Llevado por su advertencia de abandono, por el miedo a perderla, volvimos a la capital. Nos instalamos en nuestra casa, la primera y única en propiedad. Reanudé las consultas semanales con el psicólogo y me sometí a un análisis psiquiátrico que refutó la tesis del psiquiatra: debía tomar medicación y someterme a una terapia diaria. Pero la primera no surtió más efecto que una excesiva relajación que me impedía ejercer, dado el estado de absentismo parcial que me provocaban los fármacos. Pasé un tiempo de baja médica durante el cual intenté adaptarme a la vida diurna, saliendo, no sin esfuerzo, en las horas centrales del día a pasear entre la gente. Durante aquellas primeras jornadas de tratamiento farmacológico, mi vida pareció retomar la normalidad. Lo hizo hasta que una mañana en el Barri Gótic, en la Plaça de Pi, un hombre que permanecía sentado en una mesa, frente a mí, después de solicitar la consumición al camarero que tomaba nota a su lado y, sin dejar de mirarme, tomó la libreta en la que estaba escribiendo y levantándola me enseñó el dibujo que había hecho en el papel. Era el símbolo del número pi. Pasados unos instantes, en los que las imágenes parecieron ralentizarse en mi retina, me llevé las manos a la americana y busqué el envase fechado de la medicación, y tras comprobar que había tomado la dosis diaria, volví a mirar al hombre, que había abierto el periódico y, en apariencia, leía ensimismado.

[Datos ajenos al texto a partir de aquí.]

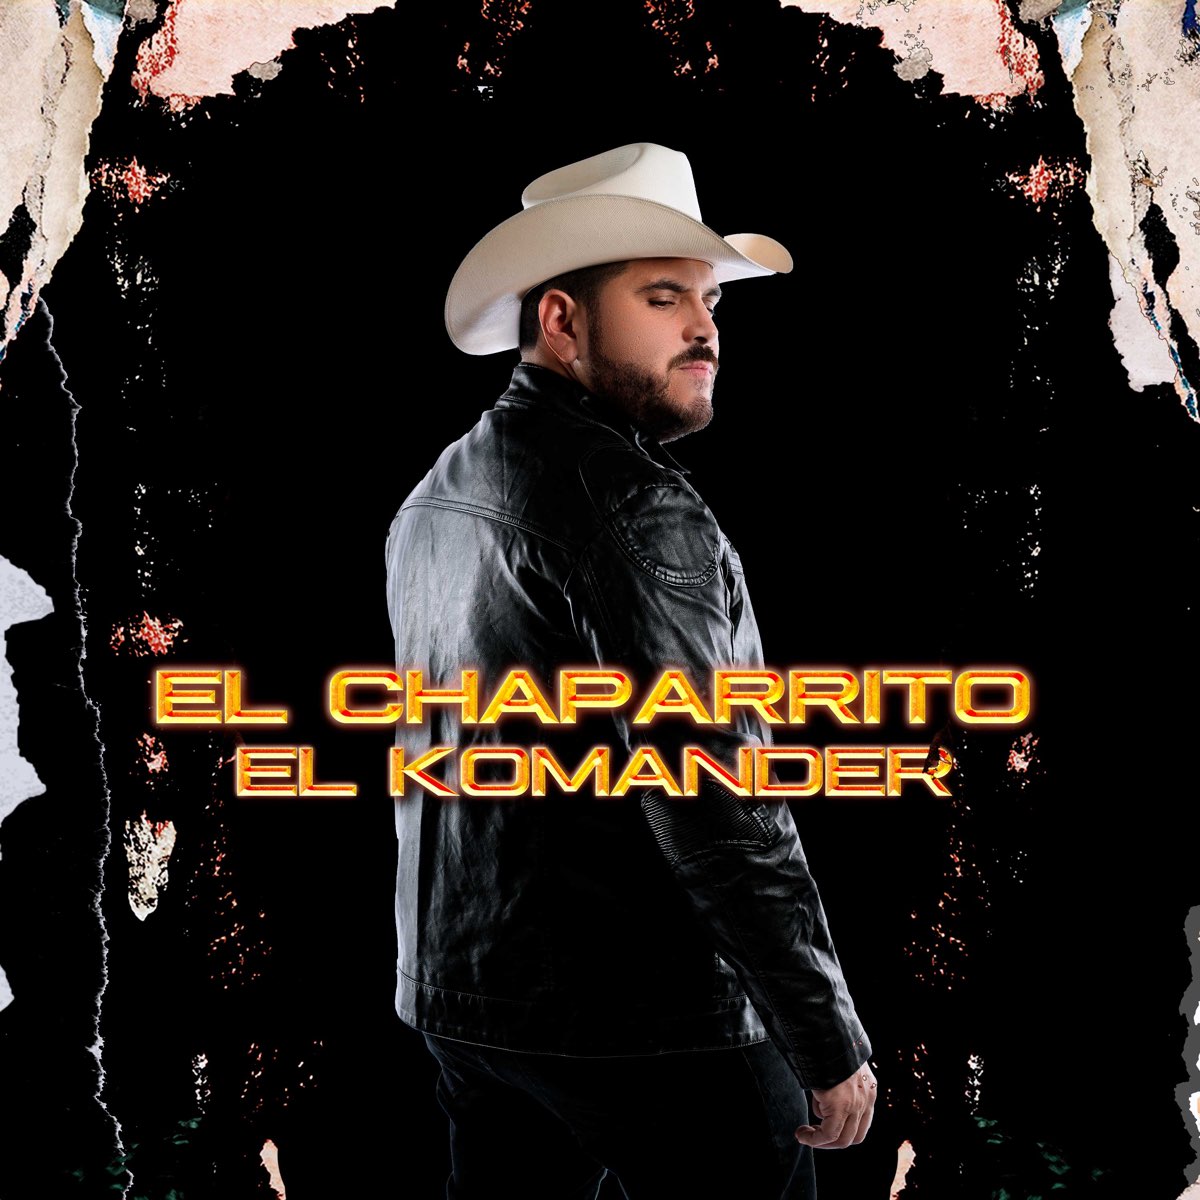 El Chaparrito - Single by El Komander on Apple Music

Nunca le hablé a Jana sobre aquel nuevo incidente. Sin embargo, y a pesar de intentar seguir con mi vida como si nada estuviera sucediendo, no pude hacerlo y volví a buscar una nueva residencia fuera de la Ciudad Condal, lejos de aquellas calles en donde me sentía vigilado, en donde la grafía numérica se representaba una y otra vez sobre las fachadas.

Busqué trabajo en Madrid y trasladé mi residencia allí. Jana se negó a seguirme.

Los incidentes siguieron repitiéndose en la capital madrileña y mi huida siguió teniendo las mismas pautas que en Barcelona. Vagué de pensión en pensión, de residencia en residencia, huyendo de aquellas grafías que me perseguían como fantasmas por las paredes de la capital, hasta llegar a la casa de Daniel, después de que mi madre falleciera.